A comment about what this is supposed to do would be nice. I know it is related to test/ScopInfo/invariant_load_canonicalize_array_baseptrs_5.ll, but I think an explanation here would be even more important than in the test case.

3731

There are two local variables with the name Access.

3781

Prefer lookup. operator[] creates an entry every time this return Null.

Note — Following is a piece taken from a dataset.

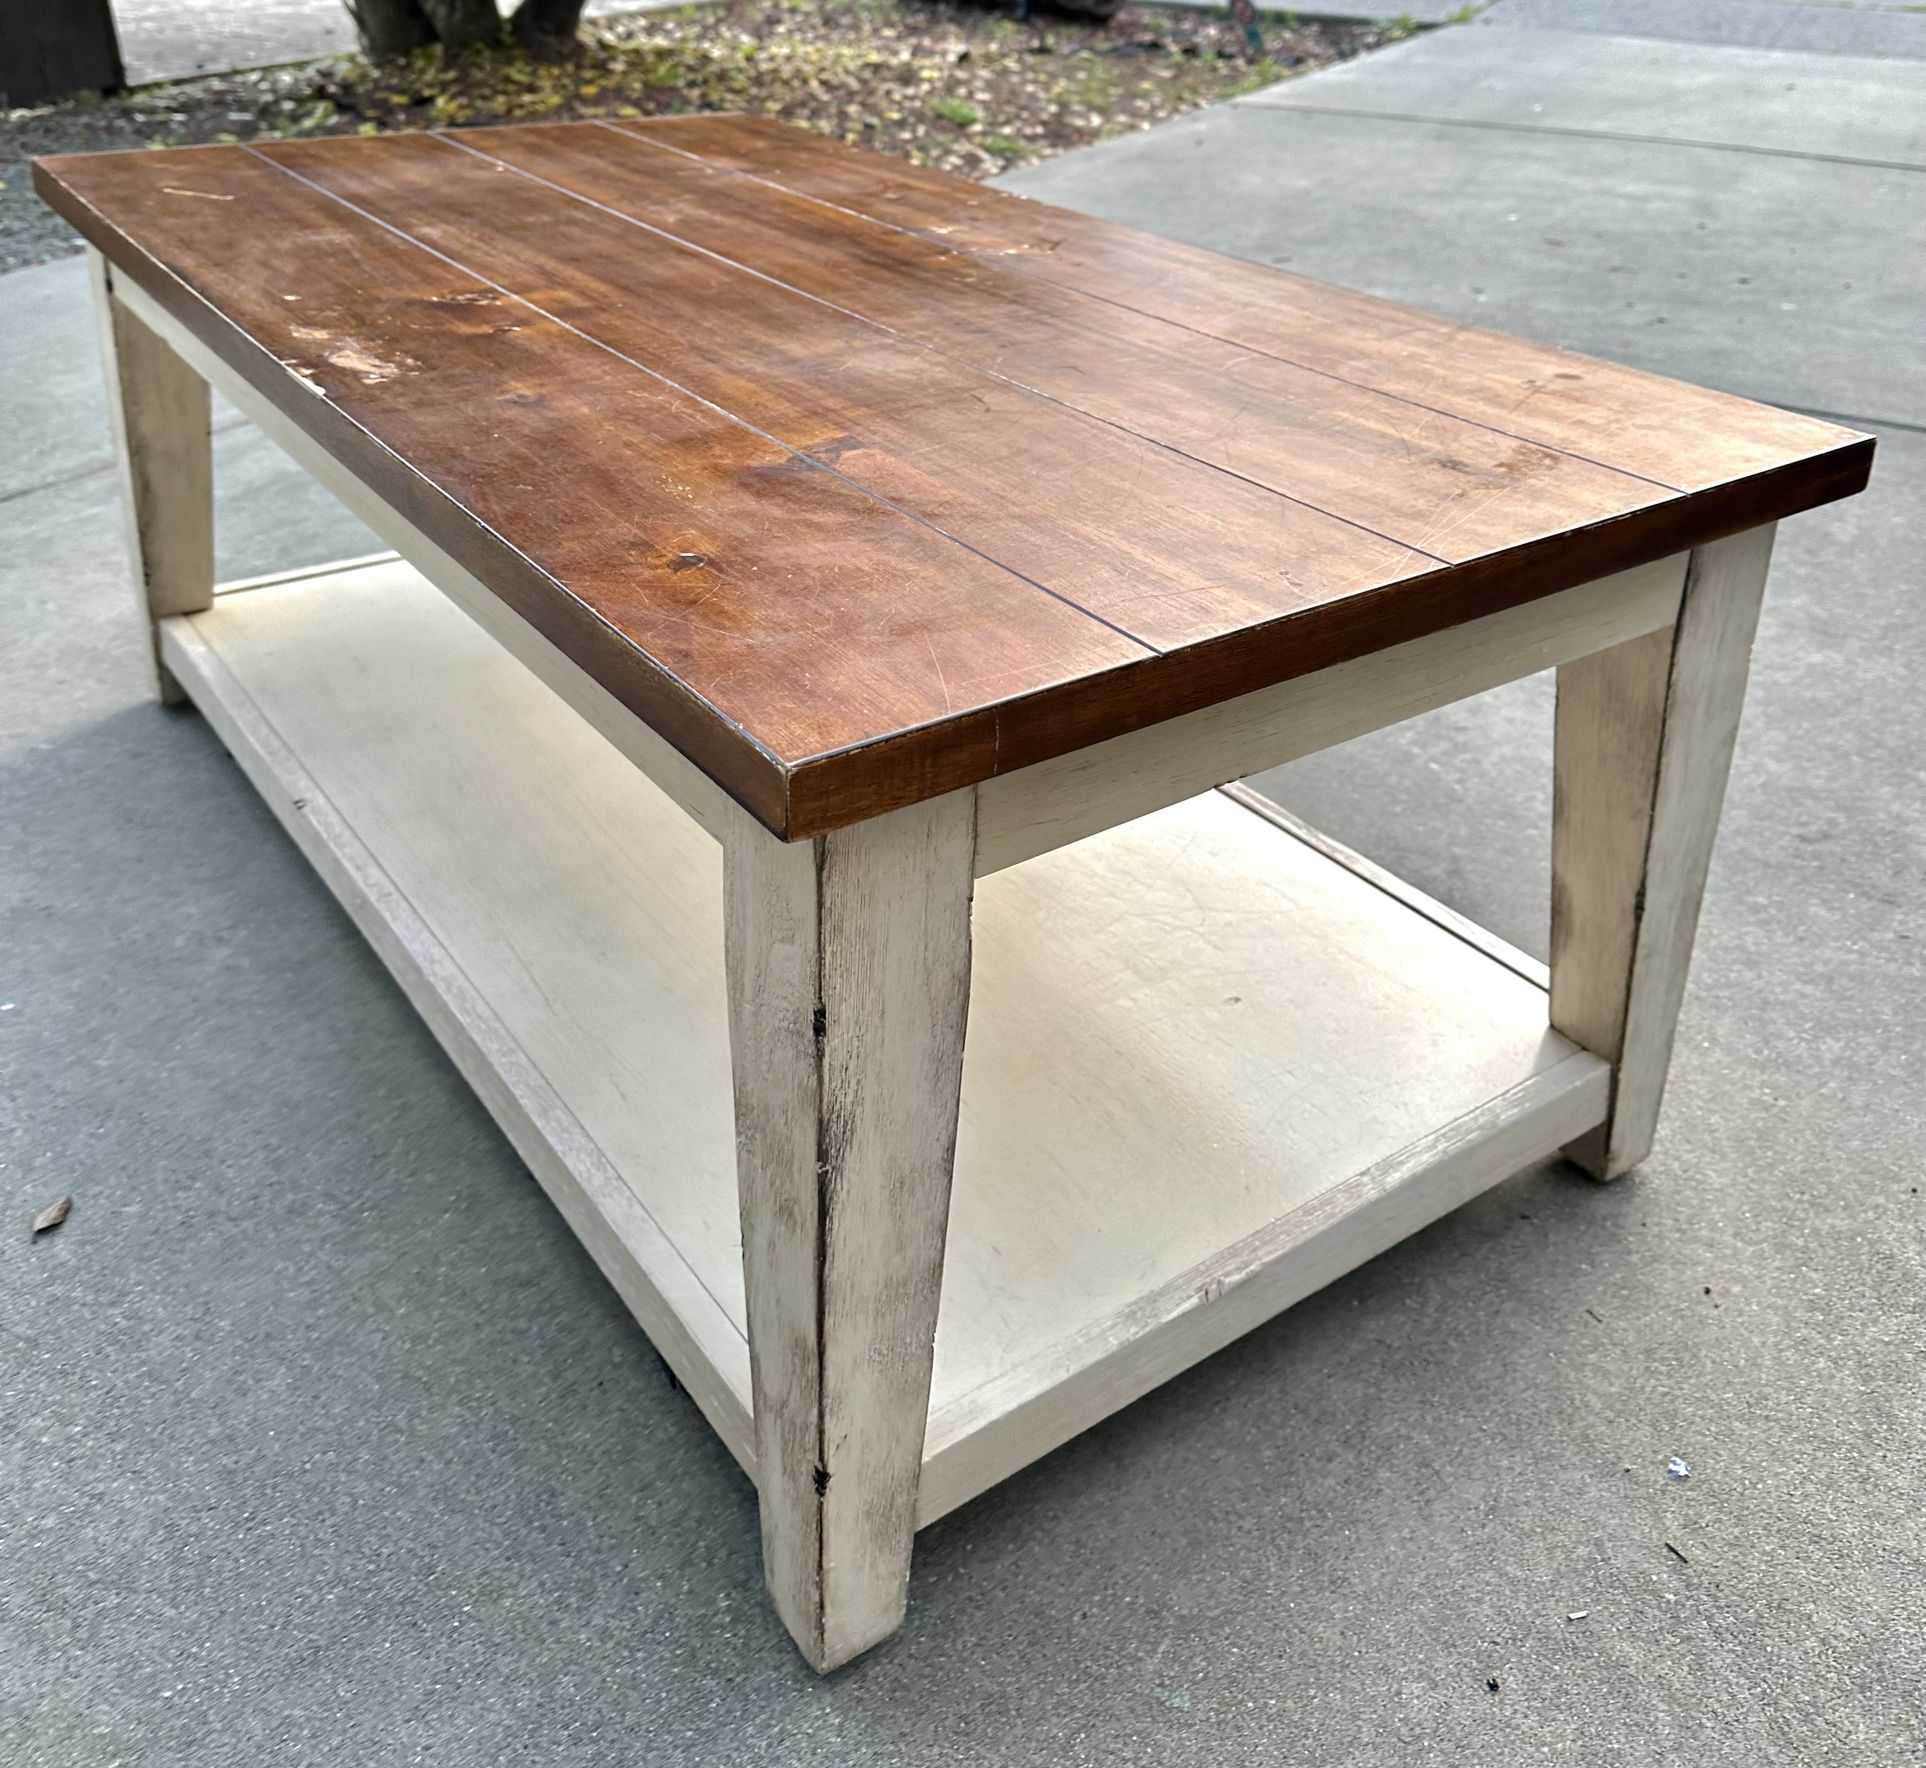 Coffee Table For Sale $50 - Dark Walnut 48” L X 26”D
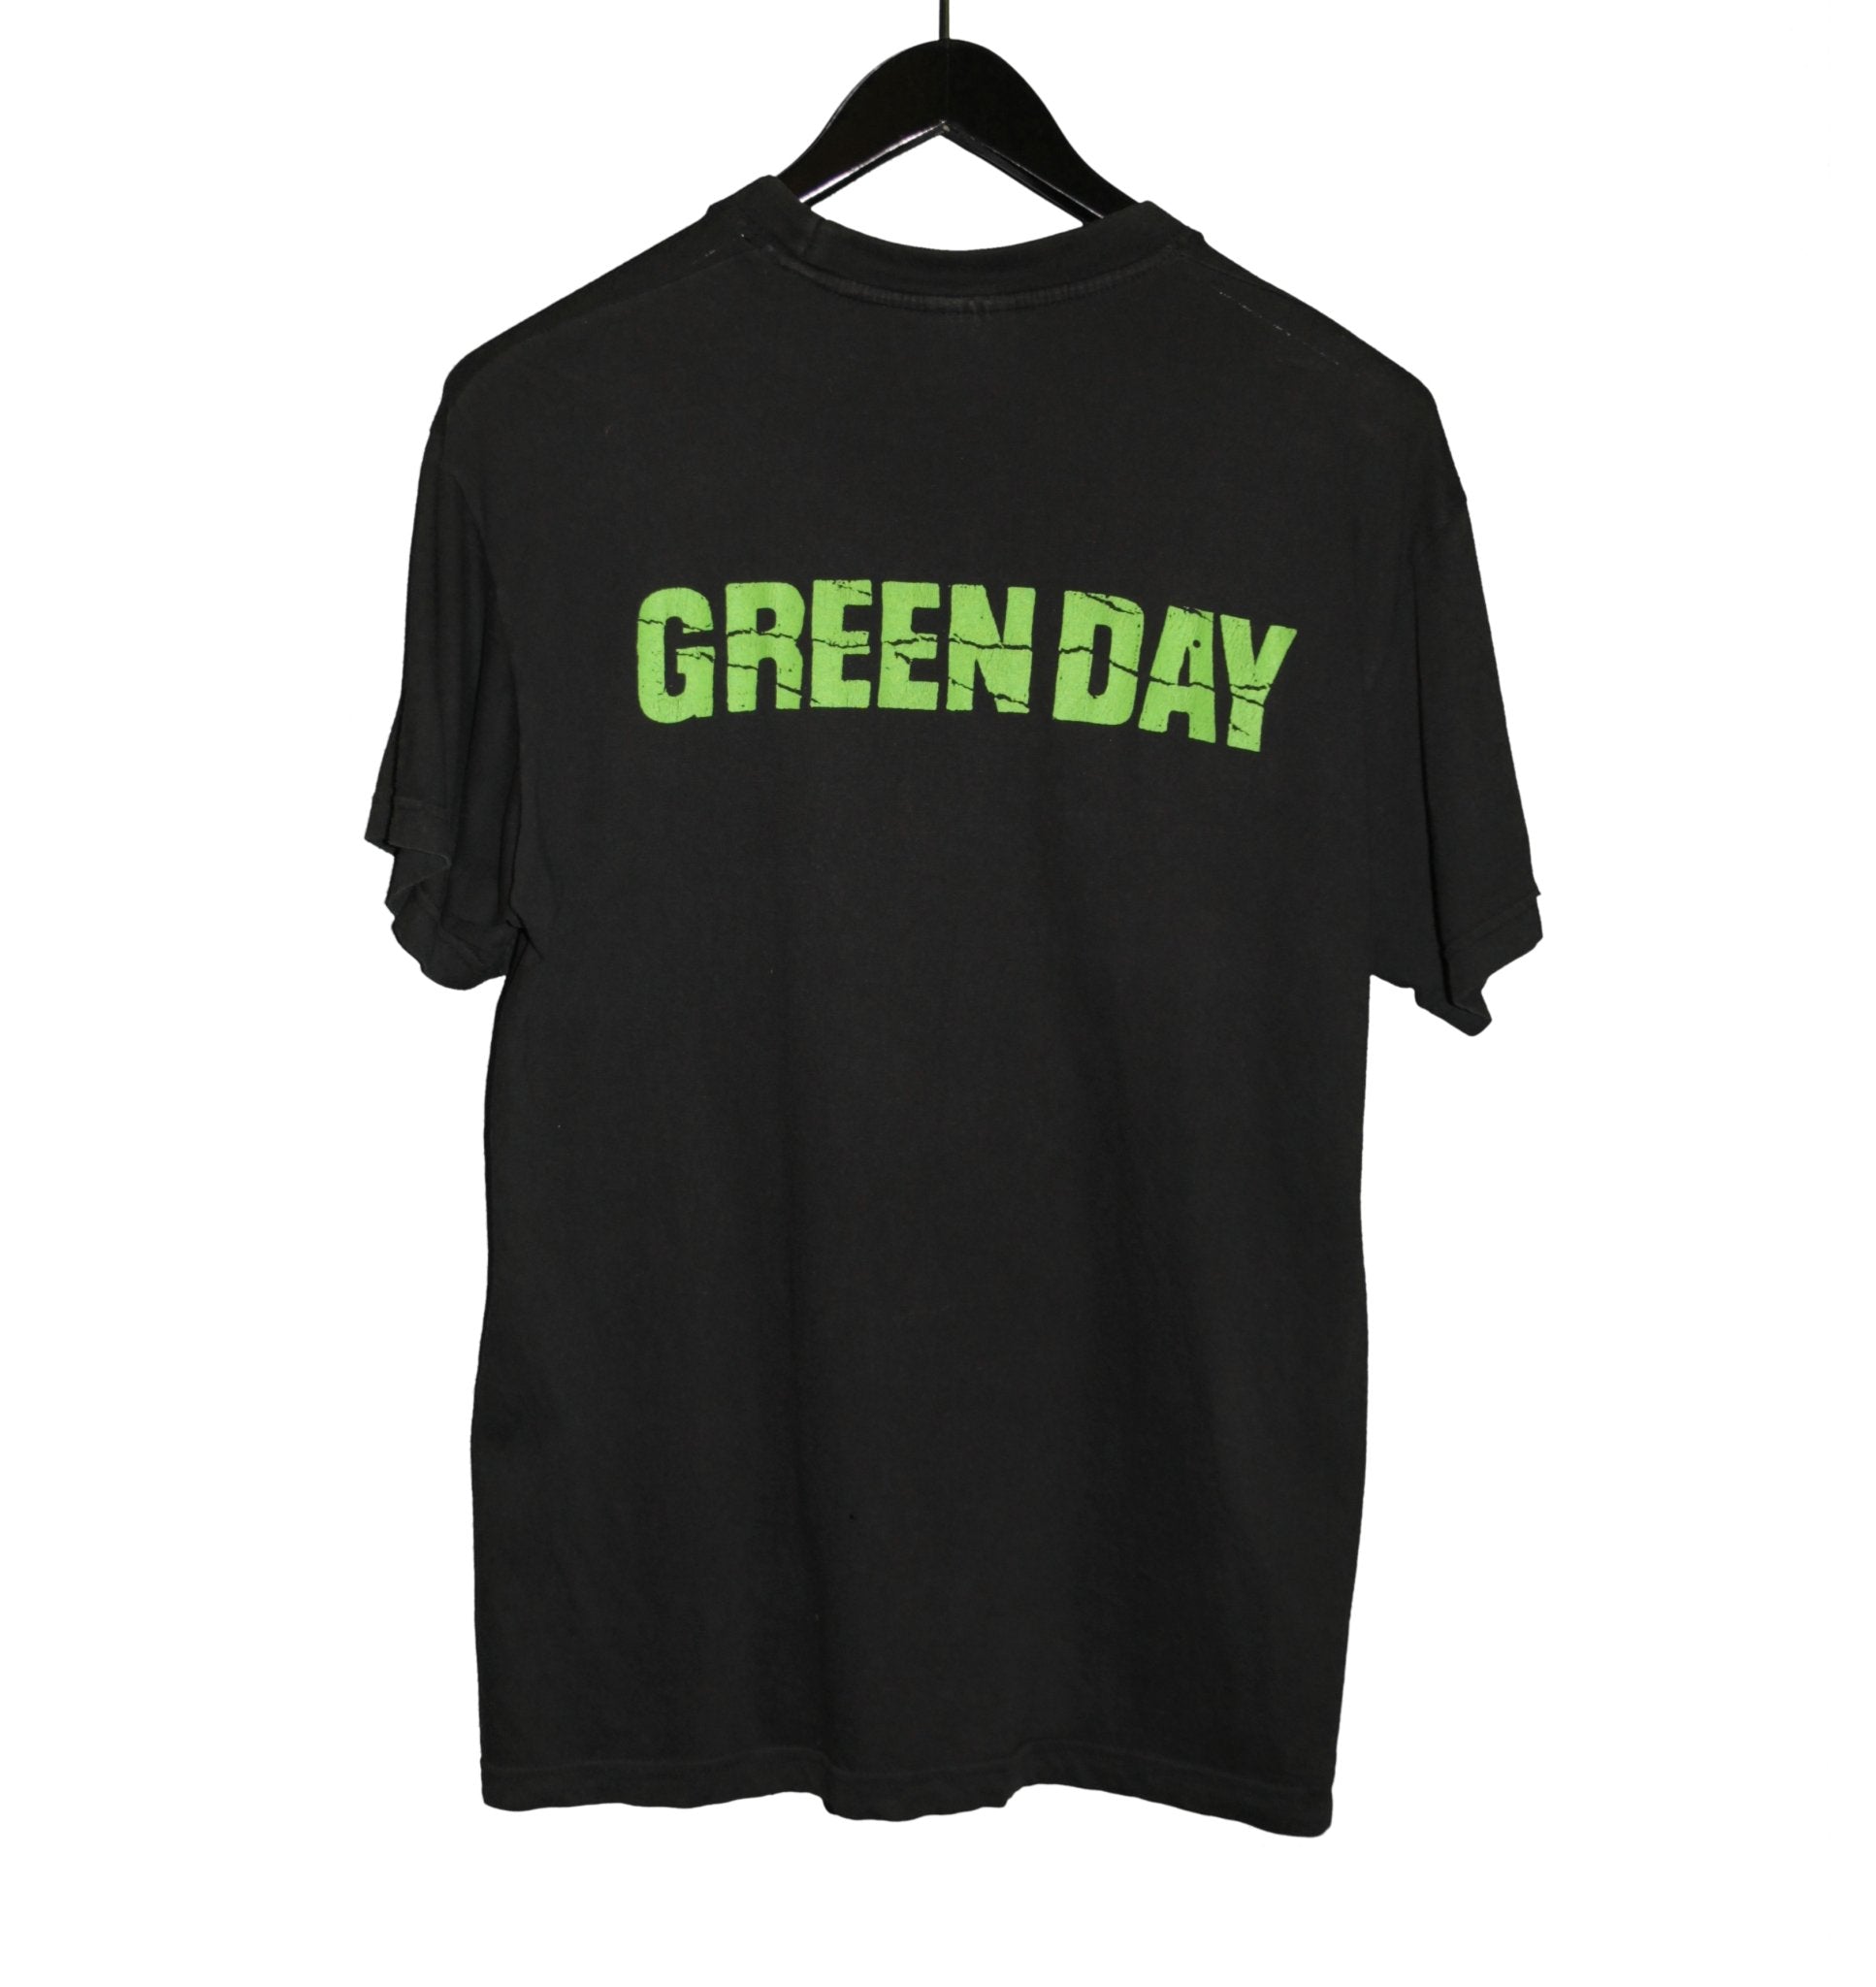 Green Day 1997 Nimrod Album Shirt - Faded AU

test/Isl/CodeGen/invariant_load_unify_arrays.ll
5 ↗(On Diff #87976)

Where?

test/ScopInfo/invariant_load_canonicalize_array_baseptrs_4.ll
5 ↗(On Diff #98133)

"coalesced" -> "canonicalized"?

test/ScopInfo/invariant_load_canonicalize_array_baseptrs_5.ll
6 ↗(On Diff #98133)

unify -> canonicalize

7 ↗(On Diff #98133)

Why only "probably"?

12 ↗(On Diff #98133)

Could you mention that %ptr (a hoisted load, itself requiring that %baseA2 is hoisted) is the culprit here?

58–61 ↗(On Diff #98133)

To ensure a use of %v0, %v1, would

store float* undef, float** %ptr
store float* undef, float** %baseA2

be enough? In that case, one might peel one * off the types as use

store float 0.0, float* %ptr
store float 0.0, float* %baseA2
65 ↗(On Diff #98133)

Why is %baseB2 based on %A? Would eg. %baseA3 (or %baseA1, which seems to be missing) be a better name?

This revision is now accepted and ready to land.May 9 2017, 6:25 AM
This revision was automatically updated to reflect the committed changes.
grosser marked 8 inline comments as done.